** Dataset extract follows **

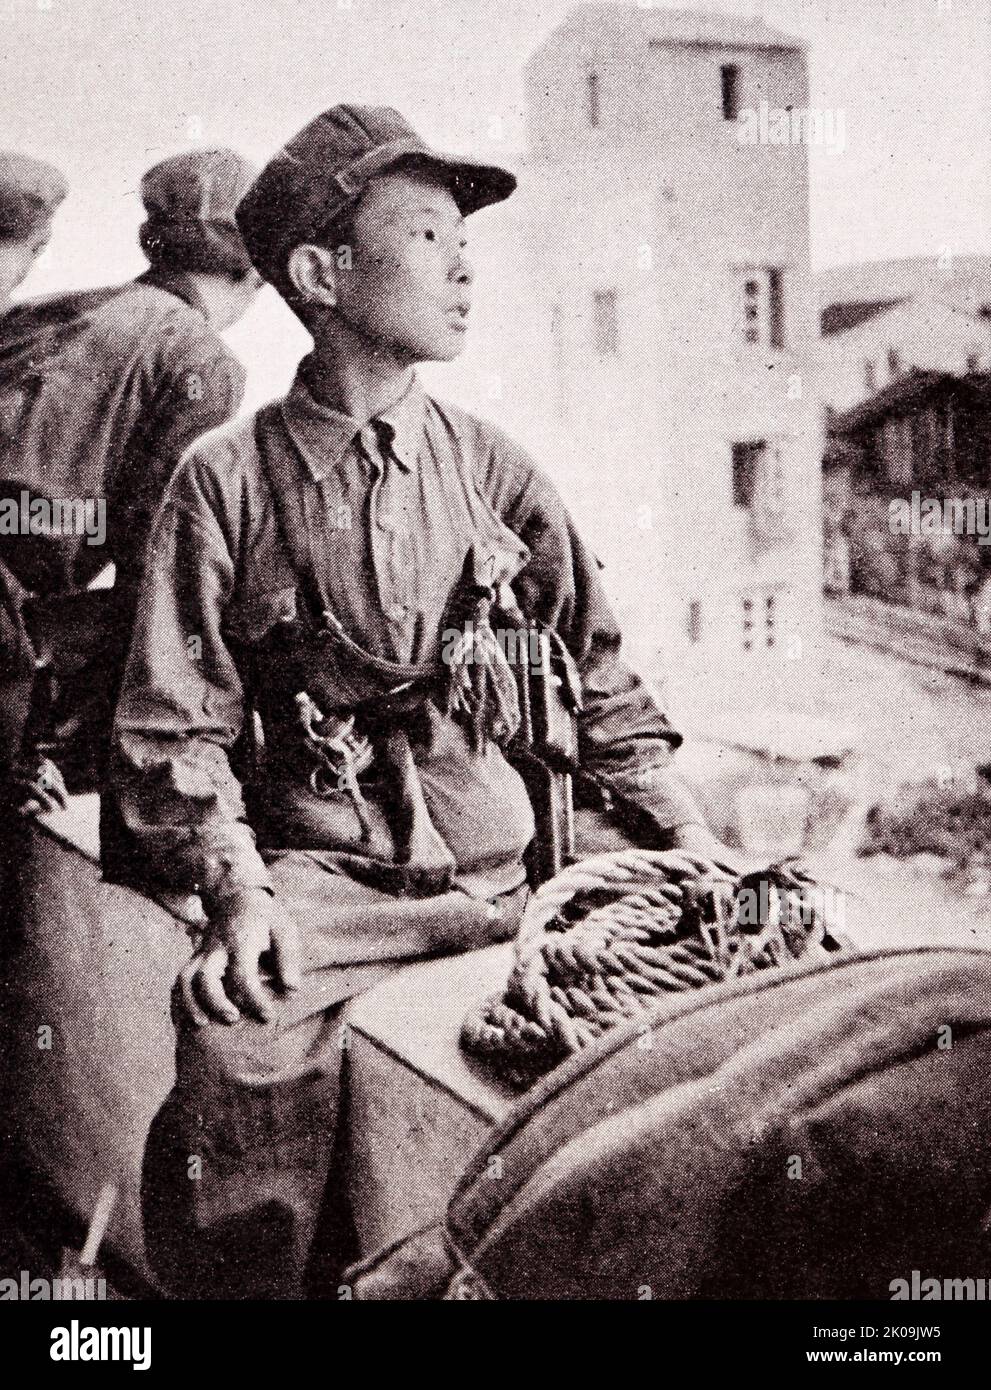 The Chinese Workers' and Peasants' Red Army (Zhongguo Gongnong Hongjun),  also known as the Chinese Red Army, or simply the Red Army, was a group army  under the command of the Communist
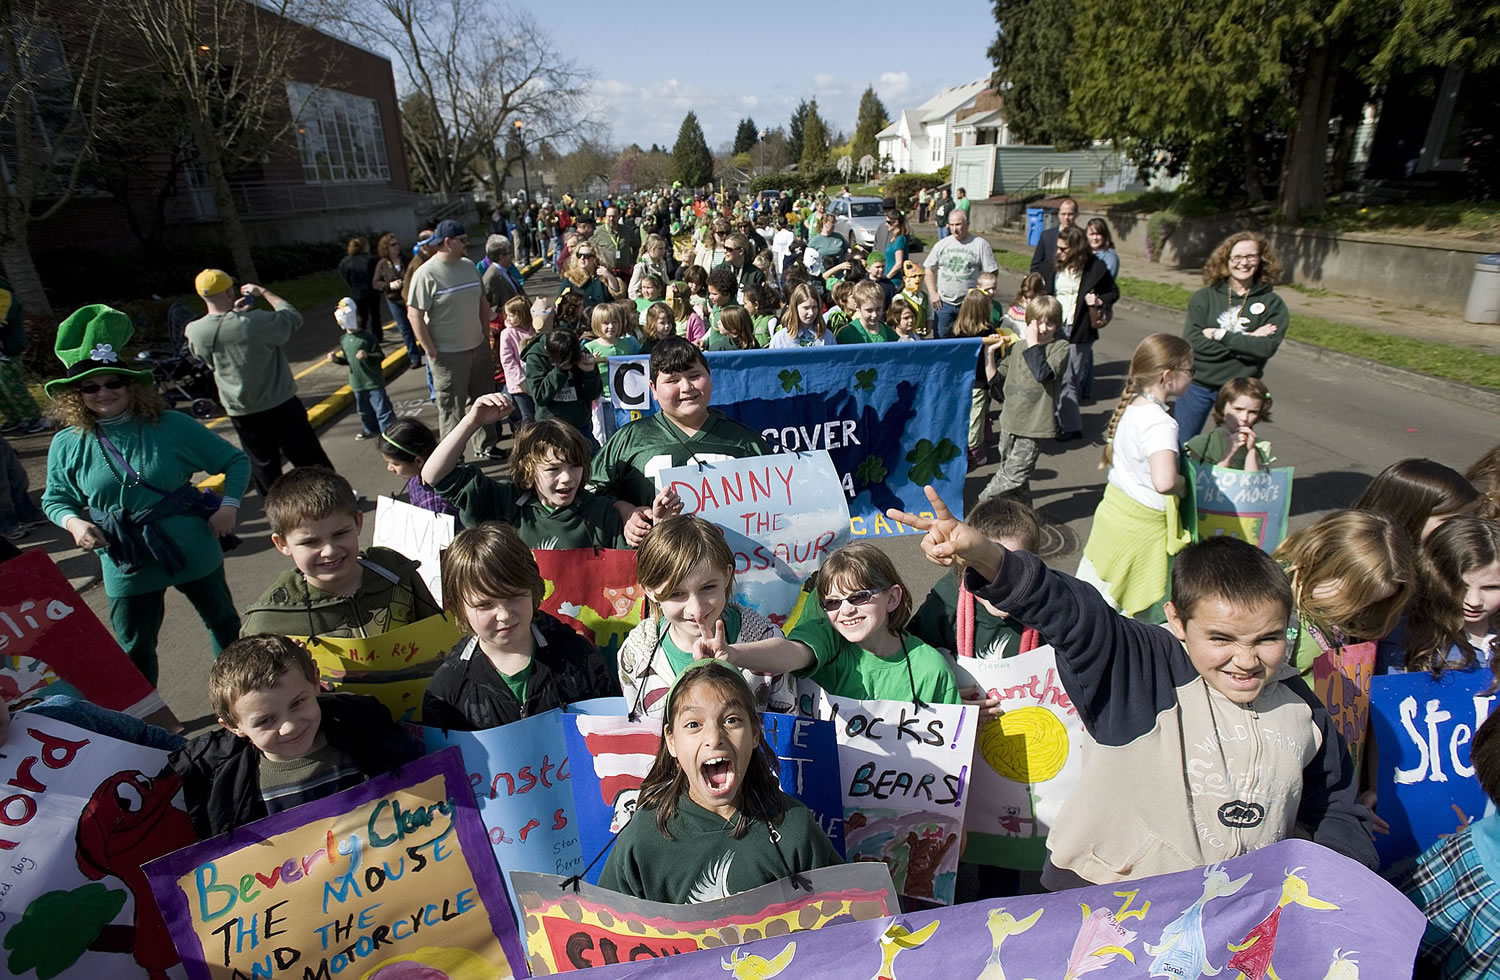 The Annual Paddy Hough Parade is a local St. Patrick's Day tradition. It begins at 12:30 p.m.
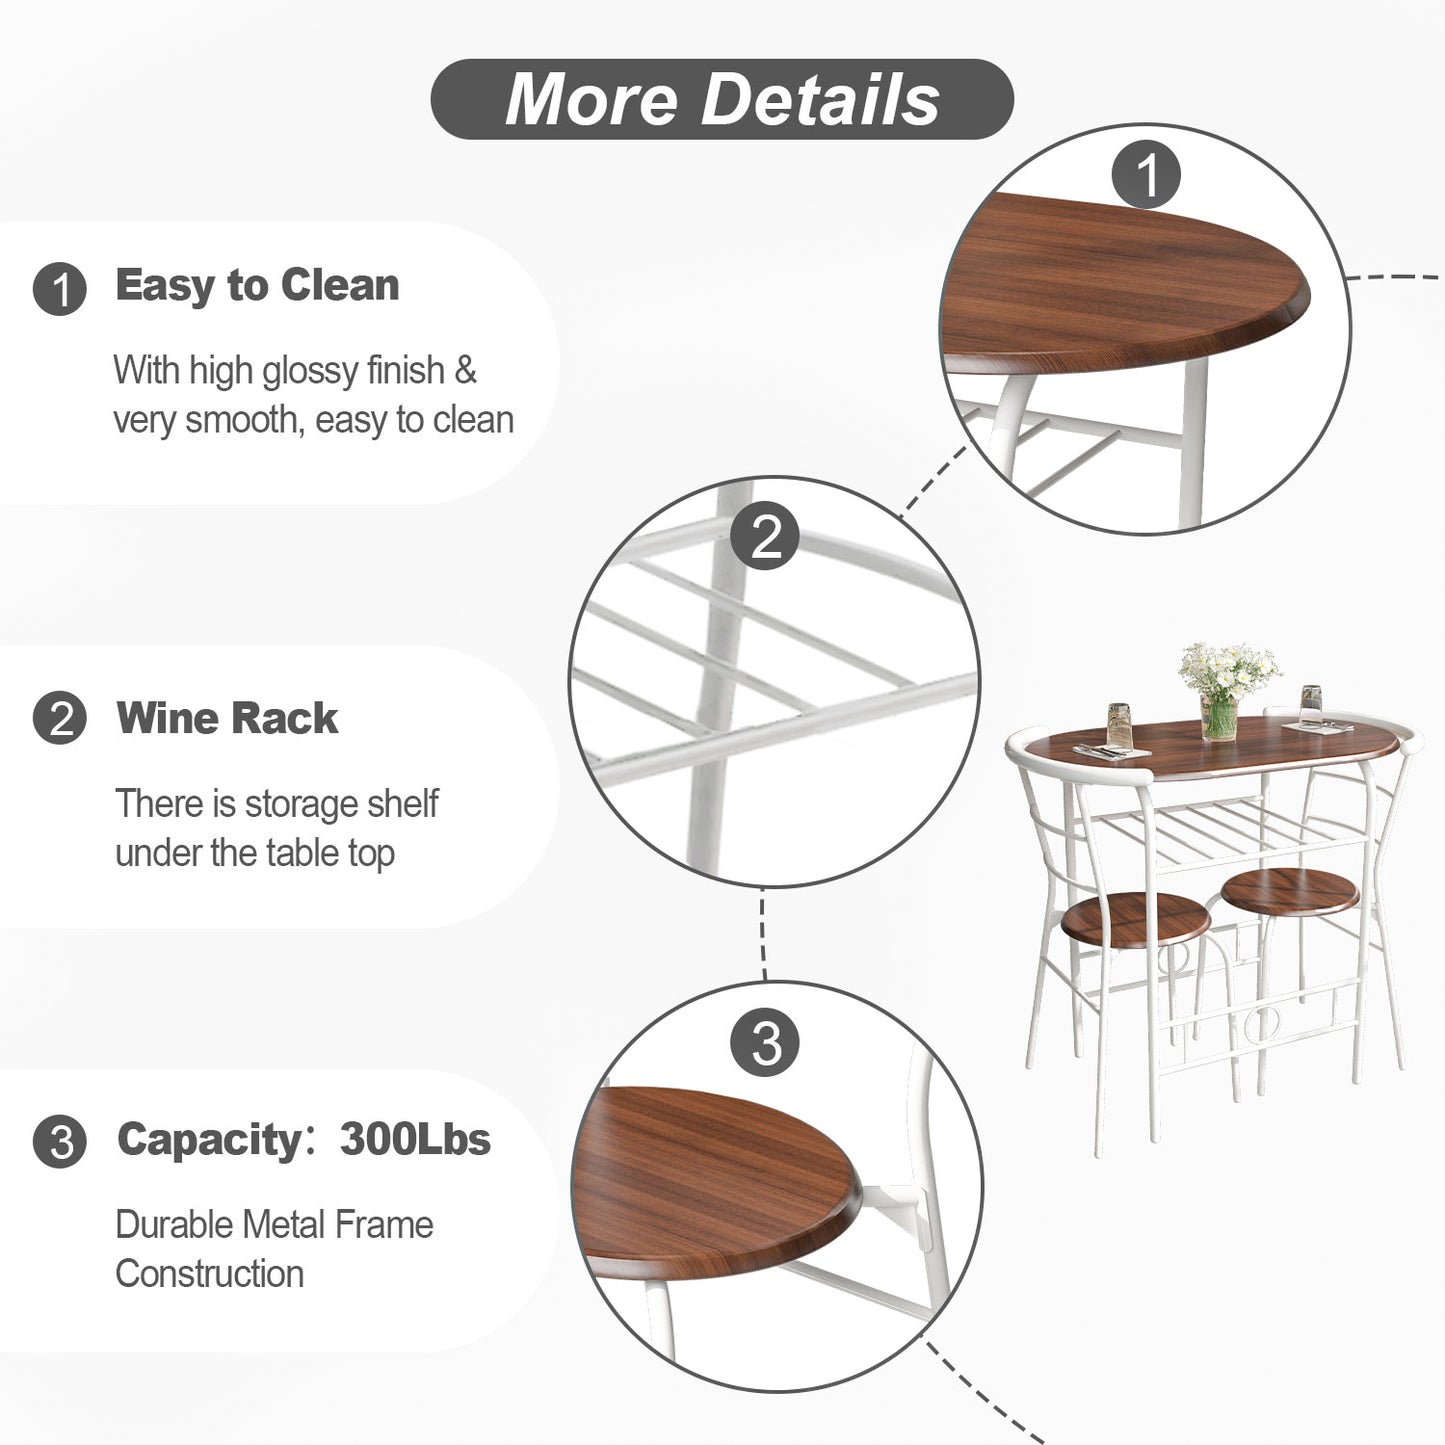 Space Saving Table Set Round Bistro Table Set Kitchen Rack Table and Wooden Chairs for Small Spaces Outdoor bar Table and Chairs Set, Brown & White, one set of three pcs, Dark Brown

** End of Dataset extract **

▶ **What the task asks**
Repeat the lines above, starting at the first and stopping after the line that holds "The Annual Paddy", with the pictures left out.

▶ **Solution**
 The Chinese Workers' and Peasants' Red Army (Zhongguo Gongnong Hongjun),  also known as the Chinese Red Army, or simply the Red Army, was a group army  under the command of the Communist
 The Annual Paddy Hough Parade is a local St. Patrick's Day tradition. It begins at 12:30 p.m.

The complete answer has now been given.